- Classification: aristocracy, feudatory, landlord
- Religions: Hinduism • Islam ^{[citation needed]}
- Languages: Gangoli variation of • Kumaoni • Garhwali • Hindi
- Populated states: Uttarakhand

= Pathani =

Clan

The Paatni (Kumaoni: पाटनी) are an ethnic Kumaoni Rajput group of the Attigoan and Kamsyar region of Gangolihat tehsil Pithoragarh district of the Kumaon Himalayas of the Indian state of Uttarakhand.

Paatni people are members of a Chandravanshi Kshatriya clan that migrated from the town of Patan in Rajasthan to their current location in Uttarakhand in the early 16th century. Atkinson described them as the groups holding small principalities in Kumaon at the end of Katyuri rule and the advent of the Chand dynasty in Kumaon. After a brief stint with the Chands, they were awarded a grant of the Patti of Attigaon and Kamsyar i.e. the area from Ganaigangoli to Banspatan.

==Origins==
The origins of the Paatni Rajput clan is based on traditional folklore prevalent regarding the migration of two Tomara chieftains from the Shekhawati region of Northern Rajasthan, Raimal and Jaimal. Raimal's son Dham Singh is said to have found the Patan branch of Tomara dynasty.

==Raaths==
They are divided into four Raaths (राठ) corresponding with descendants of the four sons of Dham Singh, the original founder of the clan.

- Padhan Raath; (पधान राठ)
- Dhuri Raath; (धुरि राठ)
- Malla Raath; (मल्ला राठ)
- Paar Raath; (पार राठ)

The word Raath comes from the Sanskrit word ratha, meaning chariot, to symbolize that they are bearers of the founder's legacy.

==Language and culture==

===Language===
They speak the Gangoli dialect of Kumaoni (गंगोली कुमाँऊनी) and Hindi.

===Religion===
The majority of the Hindu population worships the Hindu pantheon as well as other local deities such as Aidi Devta, Golu Devta, Kaisinn, Kalbisht, and Nanda Devi, similar to other Kumaonis.
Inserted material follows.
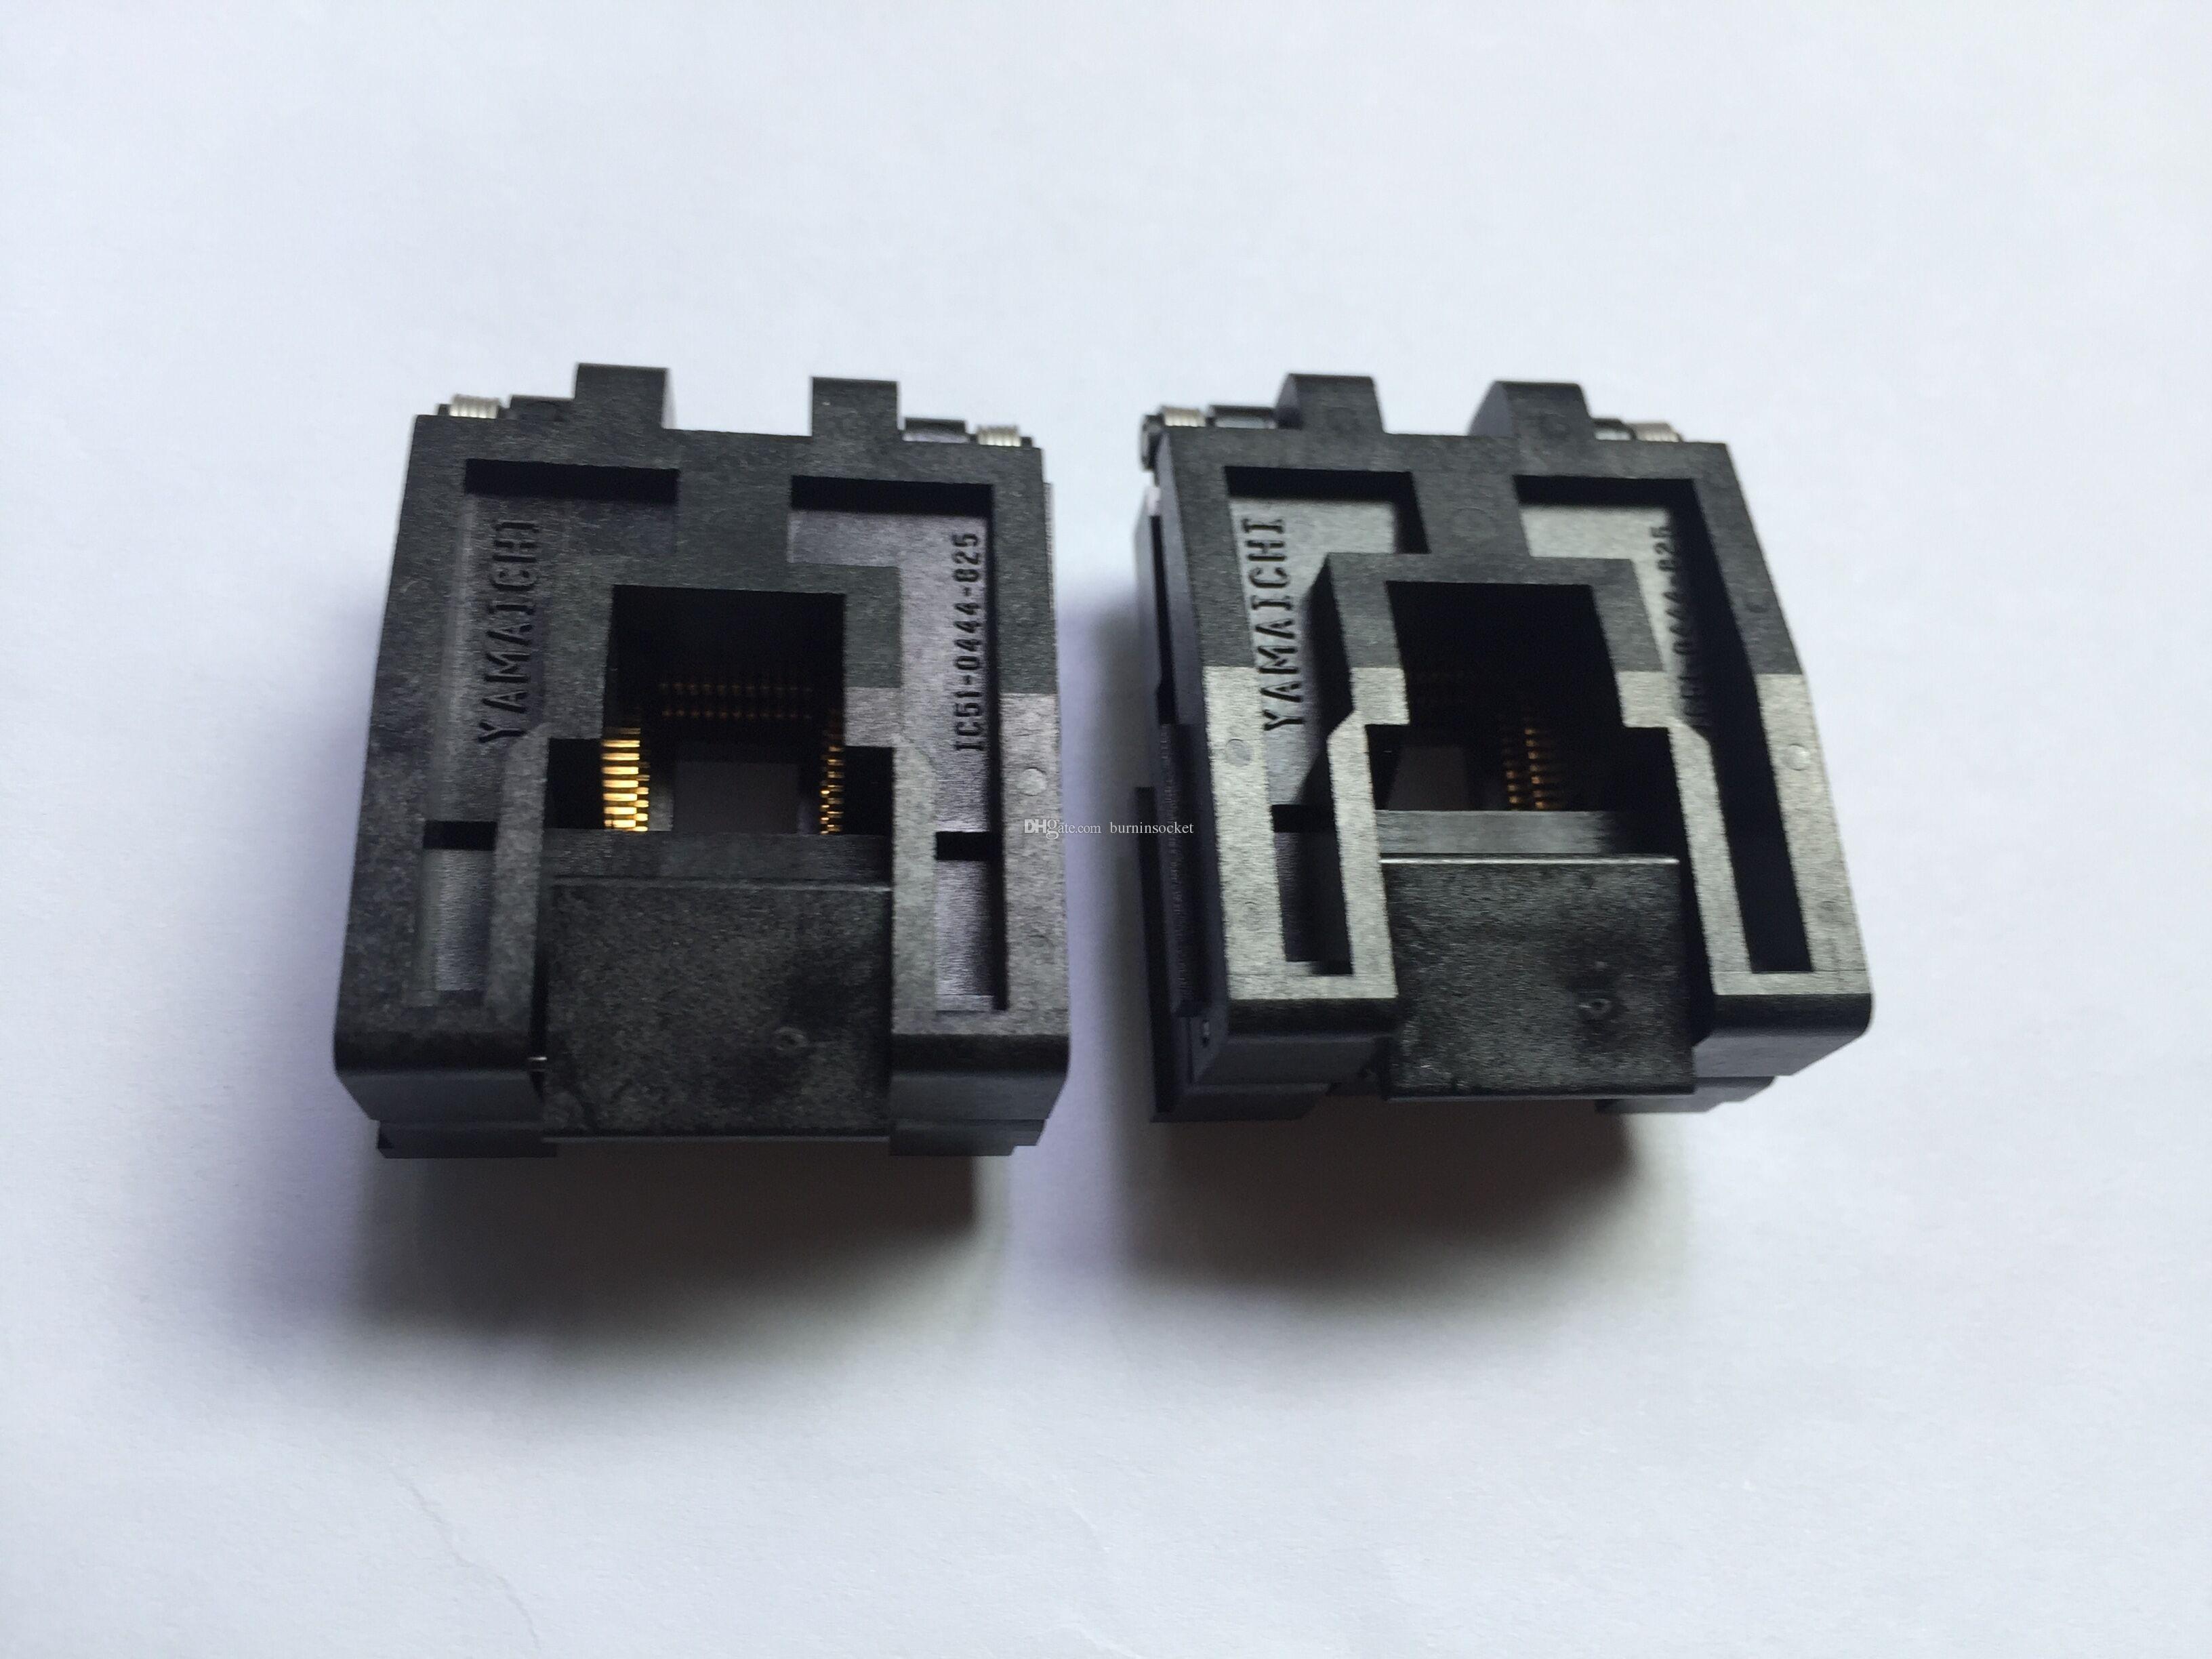 IC51-0444-825 Yamaichi IC Test Socket QFP48pin passo 0,8 mm IC bodys formato 10x10mm bruciare in presa
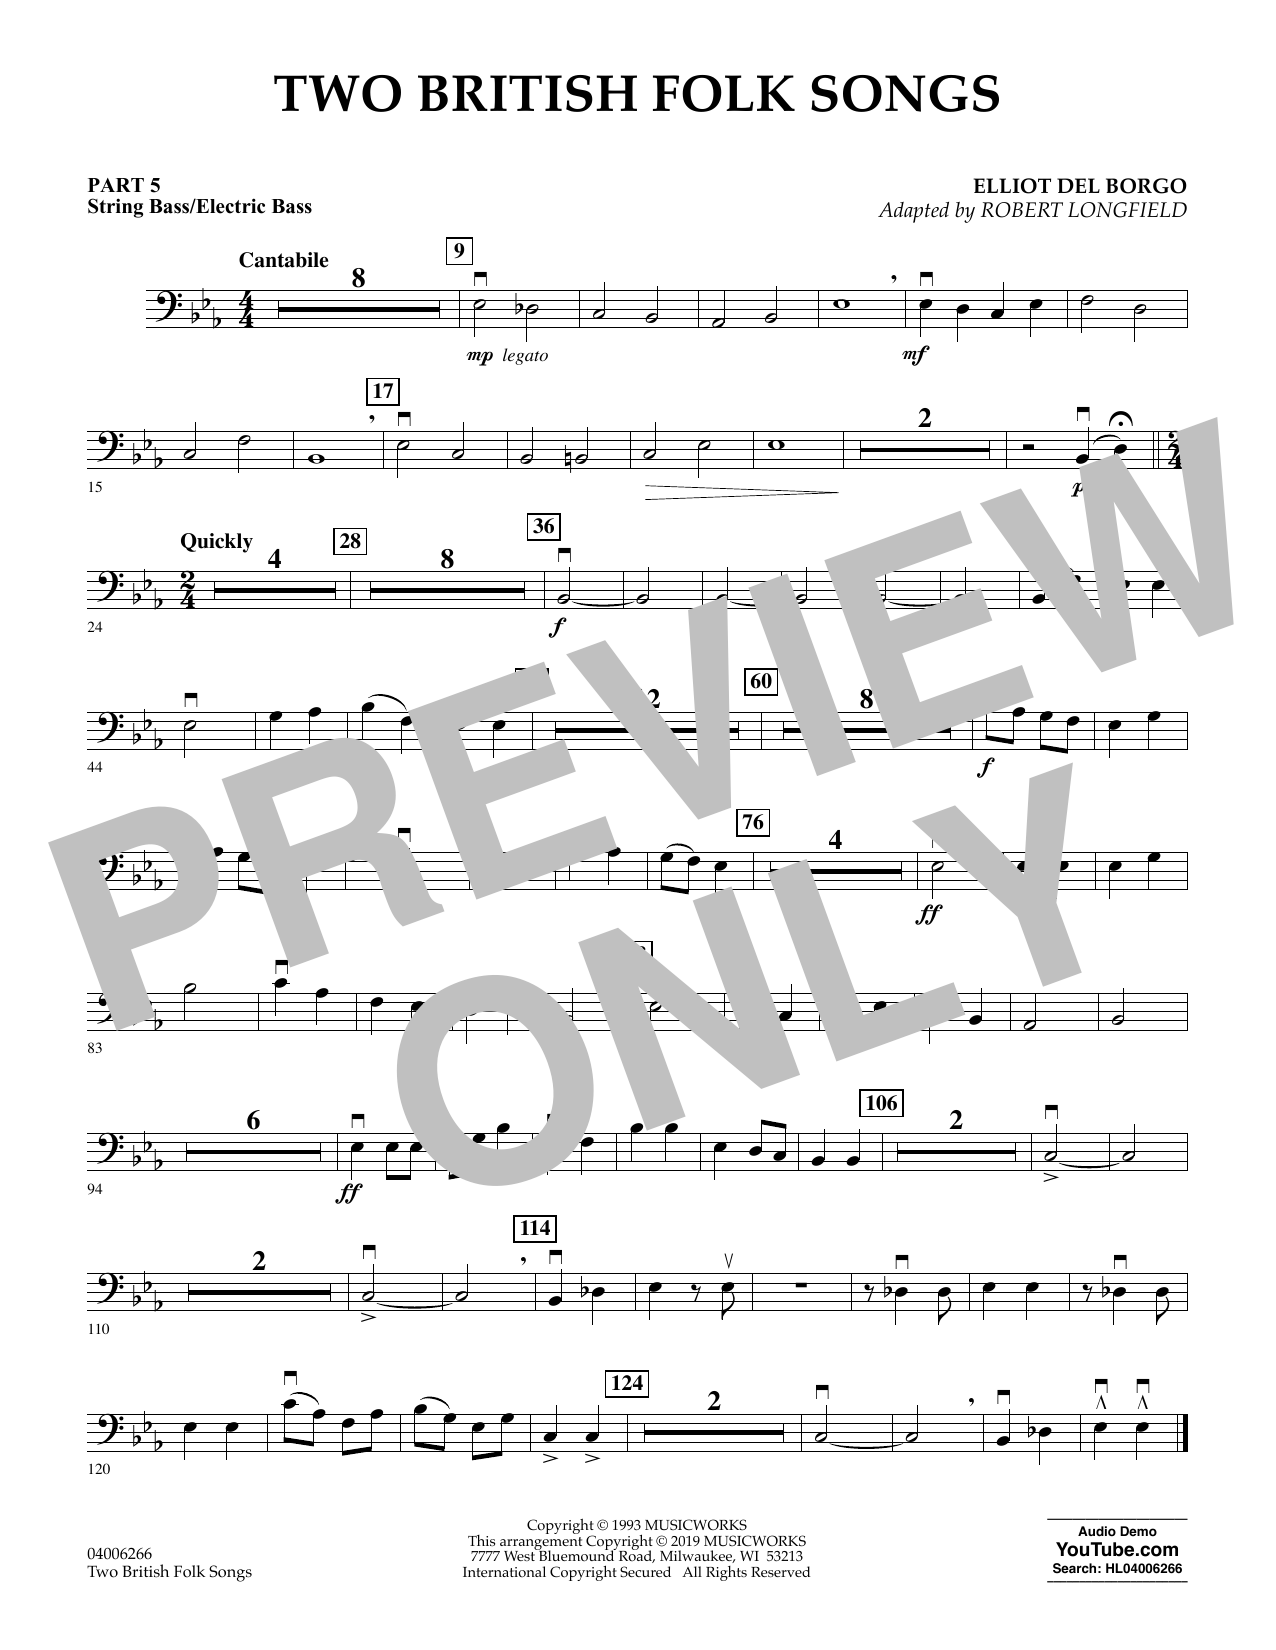 Two British Folk Songs (arr. Robert Longfield) - Pt.5 - String/Electric Bass (Concert Band)

The clan's principal deity is Sem Dev (सैम देव), who is always invoked along with his brother Haru Dev (हरु देव), the divine spirit of Raja Harish of the Chands. The Dhuri Pathanis also worship Ma Haatkalik, Mata of Gangolihaat and Pardevi along with Haru-Sem.

===Customs===
As Kumaoni Rajputs, their customs and culture are the same as other Kumaonis. The tradition of Kumaoni Holi, Jhoda and Chanchari songs, and Jaagar the ballads of Gods, Sarau and Choliya the sword dances of Kumaon are a cherished part of their culture.

===Priests===
Their customary priests are the Upadhyay clan of Brahmins of Devrari Kuna.

==Festivals==
Their principal festivals are Harela - a harvest festival celebrated all over Kumaon Vijayadashami (बिजय दशमी) i.e. Dusshera. On this day, the victory of Lord Rama over the demon King Ravana is celebrated; It has special significance for the Rajput community as weapons are also worshipped on this day. Raksha Bandhan or Rakhi or the Shravani Purnima there signifies the day for changing the sacred thread yagnopavit. Aanthoo festival is dedicated to Shiva and his consort Mata Parvati. They also celebrate Nandashthami, which is dedicated to Ma Nanda and Ma Sunanda, the patron deities of Kumaon. They participate in the annual Baurani fair commemorating the adventures of Sem Devta with his brother Haru Dev and their nephew Golu Devta, all of whom are worshipped in the Kumaon region as gods.